Loading a Tokenizer

To train or run inference on the models, one has to tokenize the inputs with a compatible tokenizer. Curated Transformers supports tokenizers implemented by the Hugging Face tokenizers library and certain model-specific tokenizers that are implemented using the Curated Tokenizers library.
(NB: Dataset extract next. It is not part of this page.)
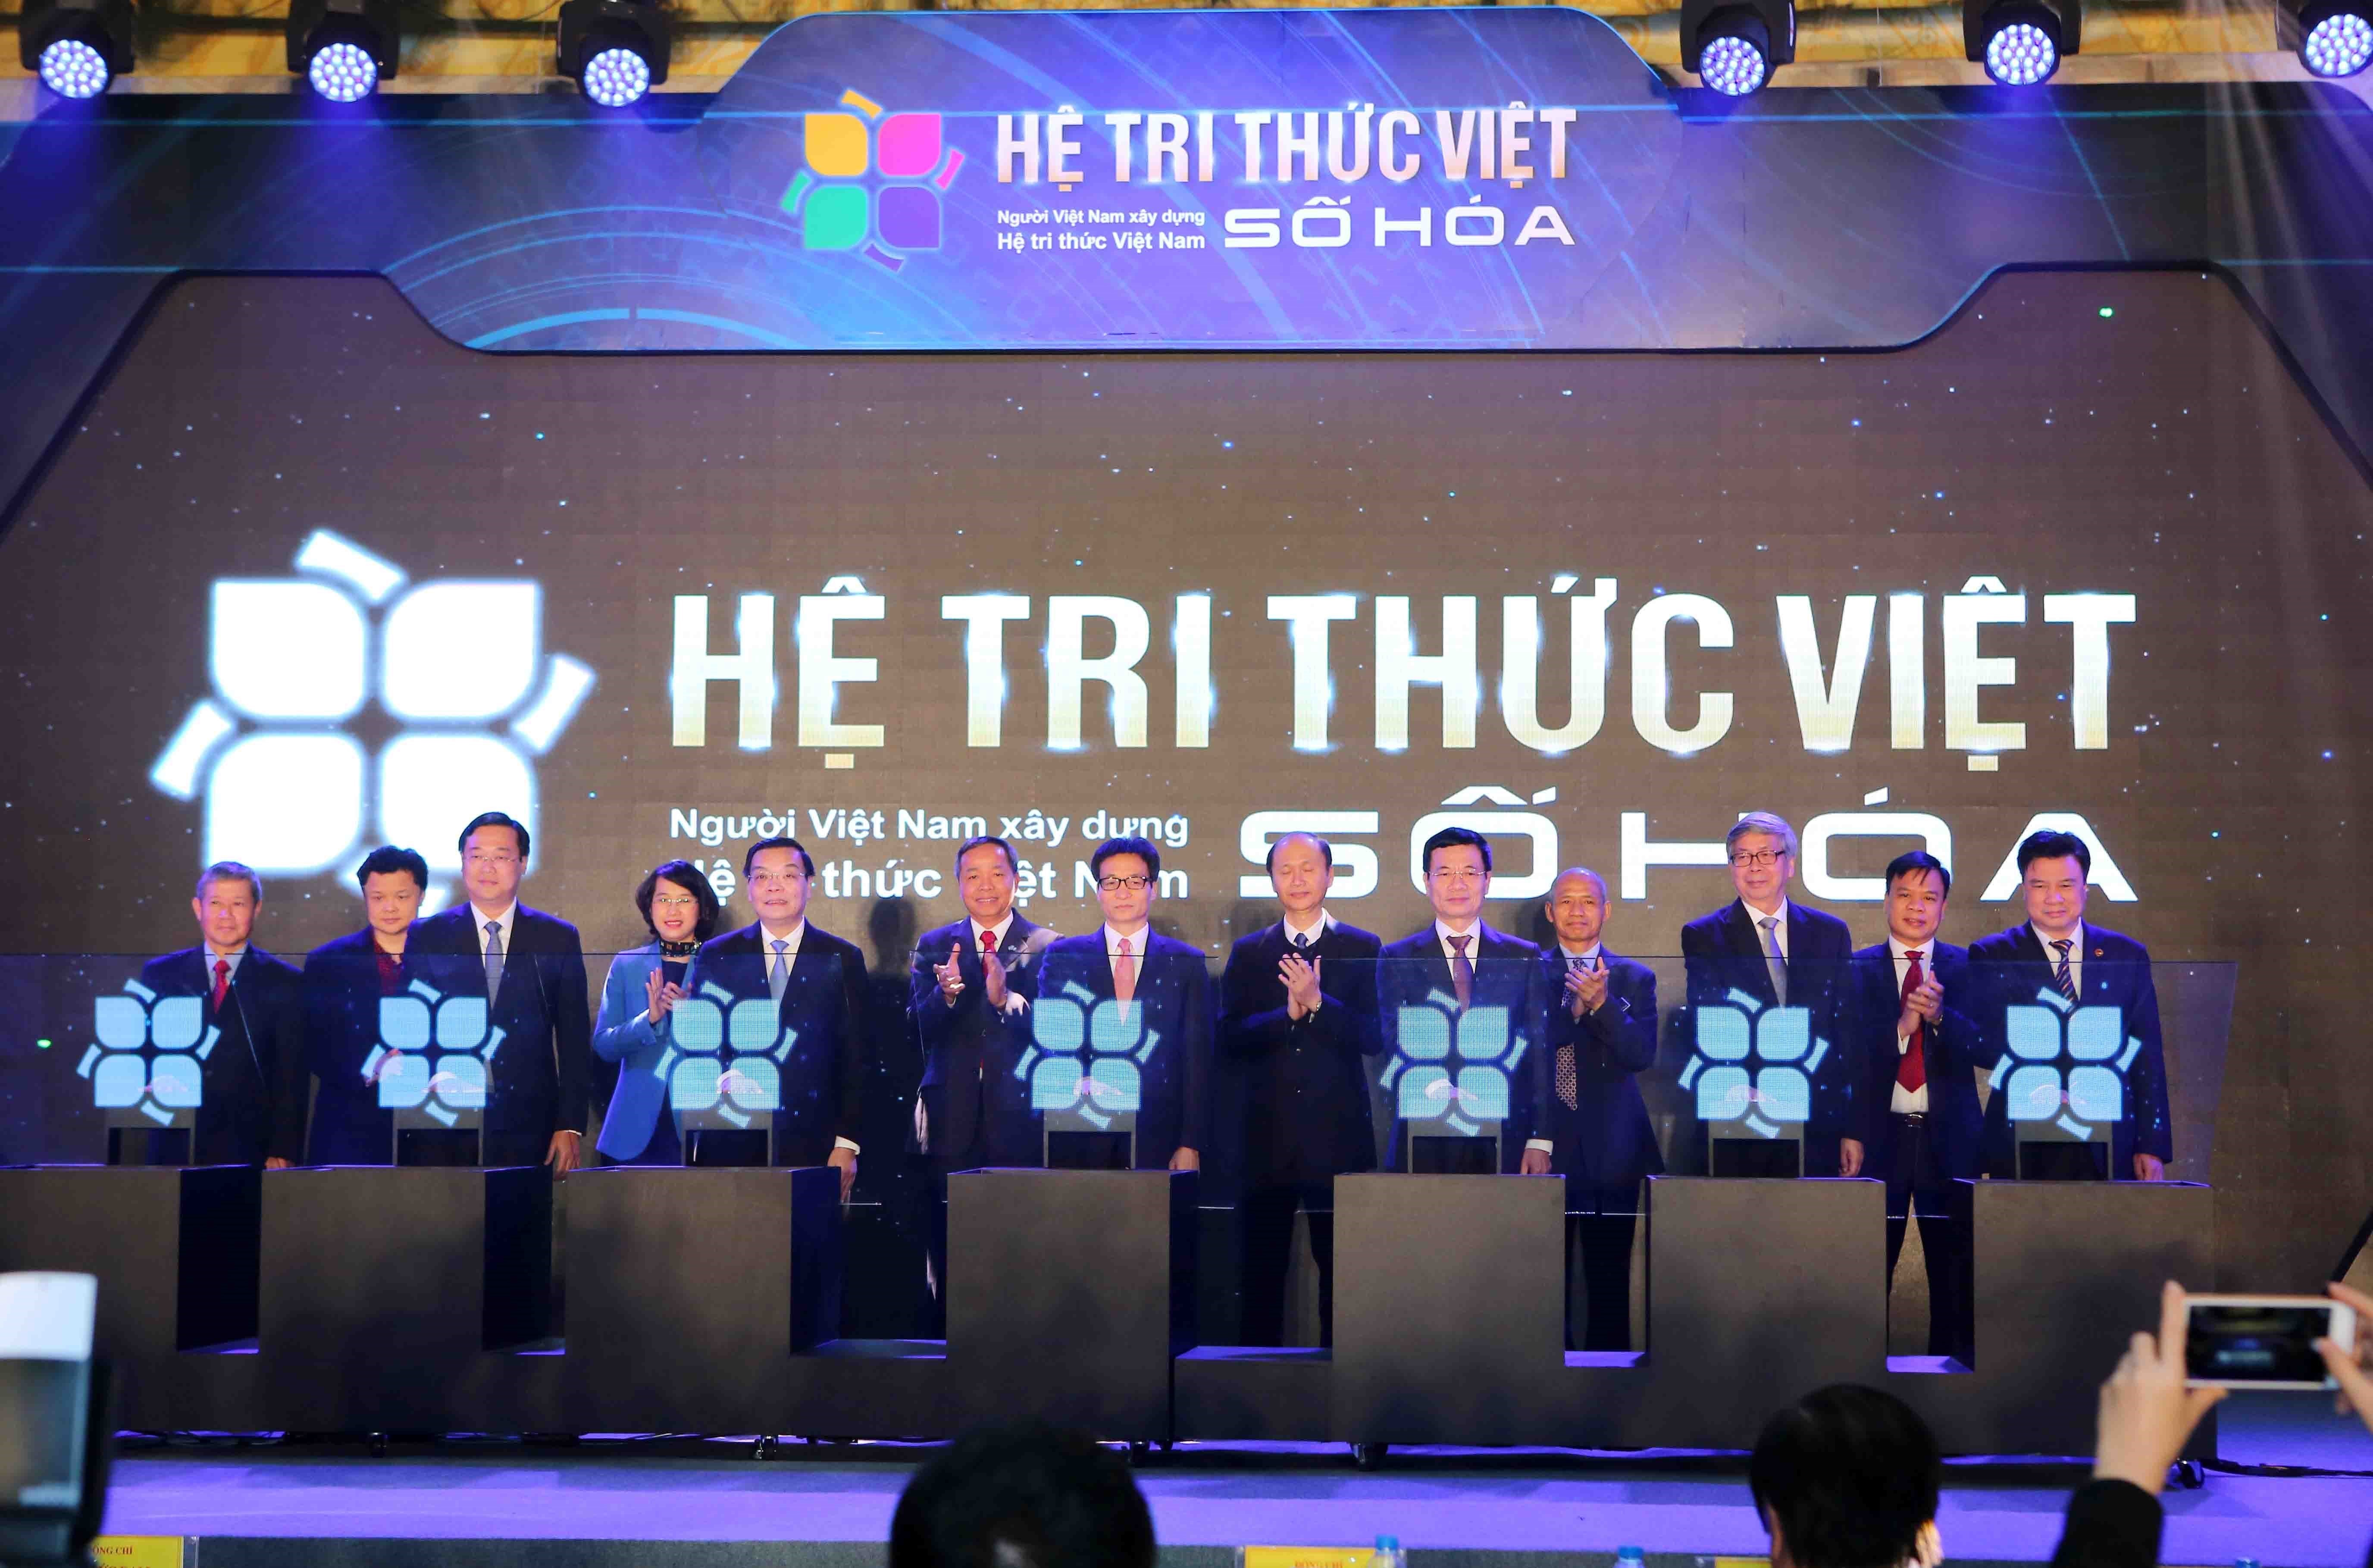 Phó thủ tướng Chính phủ Vũ Đức Đam cùng các đại biểu khởi động đề án Hệ tri thức Việt số hóa.

The Tokenizer class encapsulates the former and the LegacyTokenizer class the latter.

In both cases, one can use the AutoTokenizer class to automatically infer the correct tokenizer type and construct a Curated Transformers tokenizer that implements the TokenizerBase interface.

from curated_transformers.tokenizers import AutoTokenizer

tokenizer = AutoTokenizer.from_hf_hub(
   name="bert-base-uncased",
   revision="main",
)

Text Encoding

Note

Currently, Curated Transformers only supports inference with models.

In addition to text generation, one can also run inference on the inputs to produce their dense representations.

import torch
from curated_transformers.models import AutoEncoder
from curated_transformers.tokenizers import AutoTokenizer

device = torch.device("cpu")
encoder = AutoEncoder.from_hf_hub(
   name="bert-base-uncased", revision="main", device=device
)
# Set module state to evaluation mode.
encoder.eval()

tokenizer = AutoTokenizer.from_hf_hub(
   name="bert-base-uncased",
   revision="main",
)

input_pieces = tokenizer(
   [
      "Straight jacket fitting a little too tight",
      "Space shuttle, snail shell, merry go round, conveyor belt!",
   ]
)

# Don't allocate gradients since we're only running inference.
with torch.no_grad():
   ids = input_pieces.padded_tensor(pad_left=True, device=device)
   attention_mask = input_pieces.attention_mask(device=device)
   model_output = encoder(ids, attention_mask)

# [batch, seq_len, width]
last_hidden_repr = model_output.last_hidden_layer_state

The ModelOutput instance returned by the encoder contains all of transformer’s outputs, i.e., the hidden representations of all transformer layers and the output of the embedding layer. Decoder models (DecoderModule) and causal language models (CausalLMModule) produce additional outputs such as the key-value cache used during attention calculation (ModelOutputWithCache) and logits (CausalLMOutputWithCache).